Some of those care workers are already union members; their dues as members of the Service Employees International Union (SEIU), in part, have been going to help support the fast-food strikes, paying the organizers and press consultants who do the work of pulling together these multi-city events. And yet even with union contracts, their rights have been under attack, most recently from the Supreme Court in last year’s Harris v. Quinn decision. Their work is denigrated as not real work. As Nancy Harvey says, “Our kindness is mistaken for weakness.”

That kindness is presumed to be a natural trait that women have, that makes us inherently suited to care work. It means that our needs always come second to those of others. The cracking of a few glass ceilings has done something to change the way women’s capabilities are perceived, but not nearly enough to change the way women are siloed in low-paying, emotionally labor-intensive jobs.

So those care workers will be joining other service employees in the streets on Wednesday, a strike timed not just for tax day or out of wordplay (“for $15 on 4/15”) but to coincide with the beginning of the 2016 presidential campaign, one where, it is presumed, inequality, low wages, and the still-shaky state of the economy will be on everyone’s mind. One election back, this past fall, voters in the reddest of so-called red states voted for minimum wage increases, and even Republican candidates acknowledged the struggles of their constituents to make ends meet. Large majorities of Americans, according to recent polls, think the wealthy have too much influence in politics—including 71 percent of Republicans. The Fight for $15 aims to give perceptive politicians an issue to campaign on, an issue that will raise the floor for workers across the board. These workers are looking to make enough trouble to make themselves impossible to ignore.

The Fight for $15 often evokes comparison to the shorter-hours movement, first for a ten-hour and then an eight-hour day, a call that cut across industries and unified male and female, Black and White workers (though it was especially popular with women). Codified into law in a way with the Fair Labor Standards Act of 1938, which mandates overtime pay along with the minimum wage, labor mostly gave up on unifying demands, focusing instead on victories contract by contract, workplace by workplace, industry by industry.

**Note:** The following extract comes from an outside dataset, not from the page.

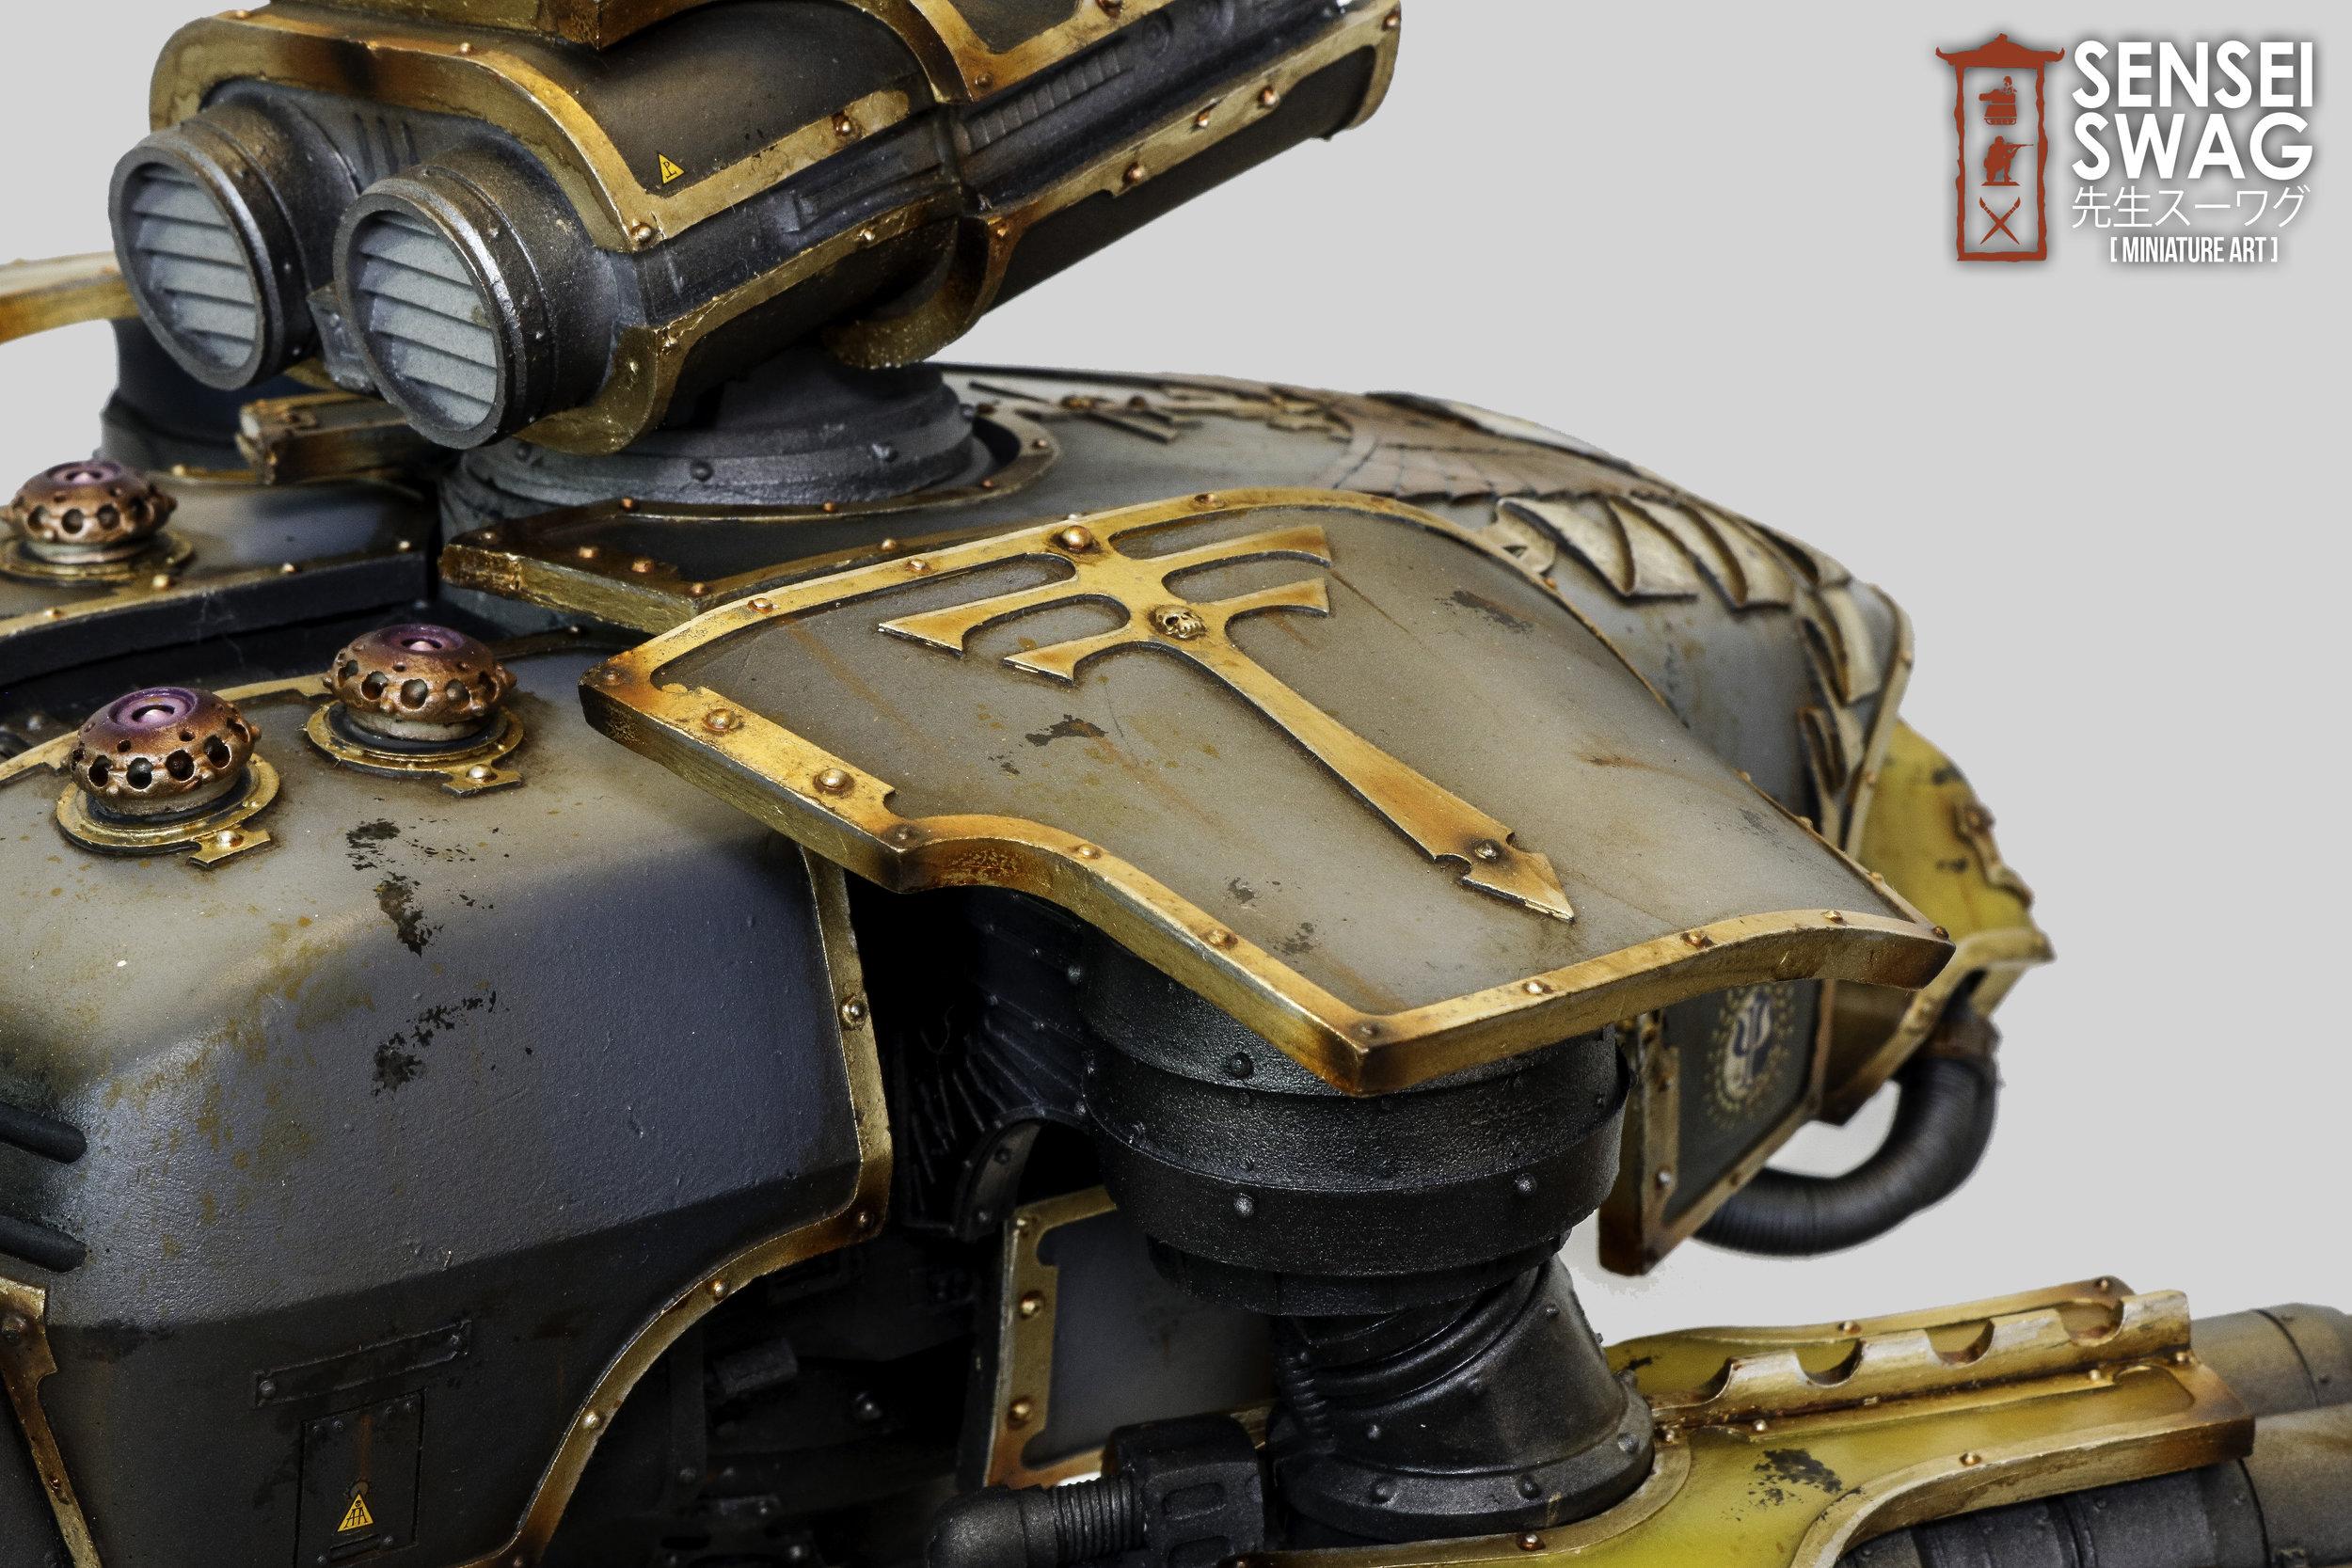 Watermark Legio Gryphonicus Titans Weathered Reaver Warhound-5.jpg
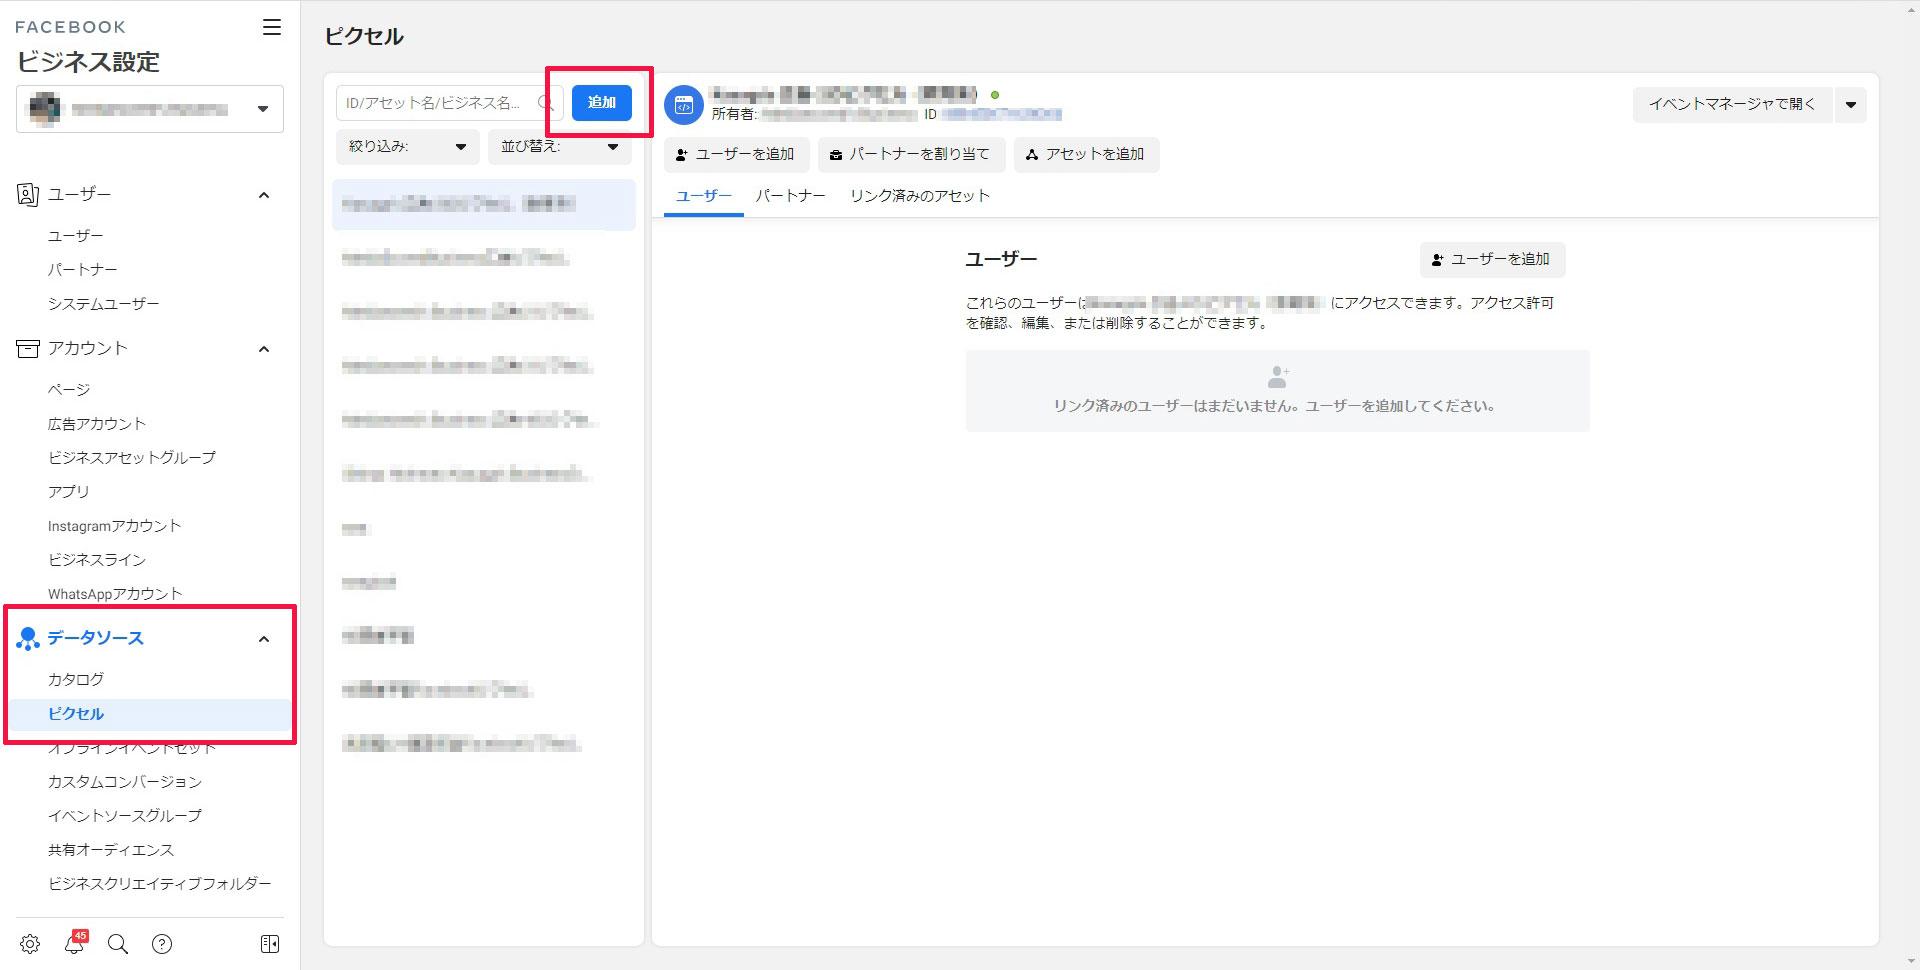 Facebookデータソース画面

Home care and other domestic workers were left out of that era’s labor protections (largely because, along with farmworkers, domestic workers were mostly Black women). It is important that they be at the center of any new labor protections won today. As we learned from that exclusion, the conditions of the worst-off workers will wind up working their way up to all of us—Poo notes that the “precarious” labor conditions often discussed breathlessly in today’s media are mostly the conditions domestic workers always faced, a lack of security, low wages, and bosses who were free to abuse with little scrutiny from the outside.

And so as the election coverage begins and the media pores over the personality quirks and gaffes of different candidates, analyzes campaign logos and slices and dices the electorate demographic by demographic, remember that the biggest change for working women will come not through a victory at the top, but from victories for the vast numbers at the bottom, on whose support so many of us depend.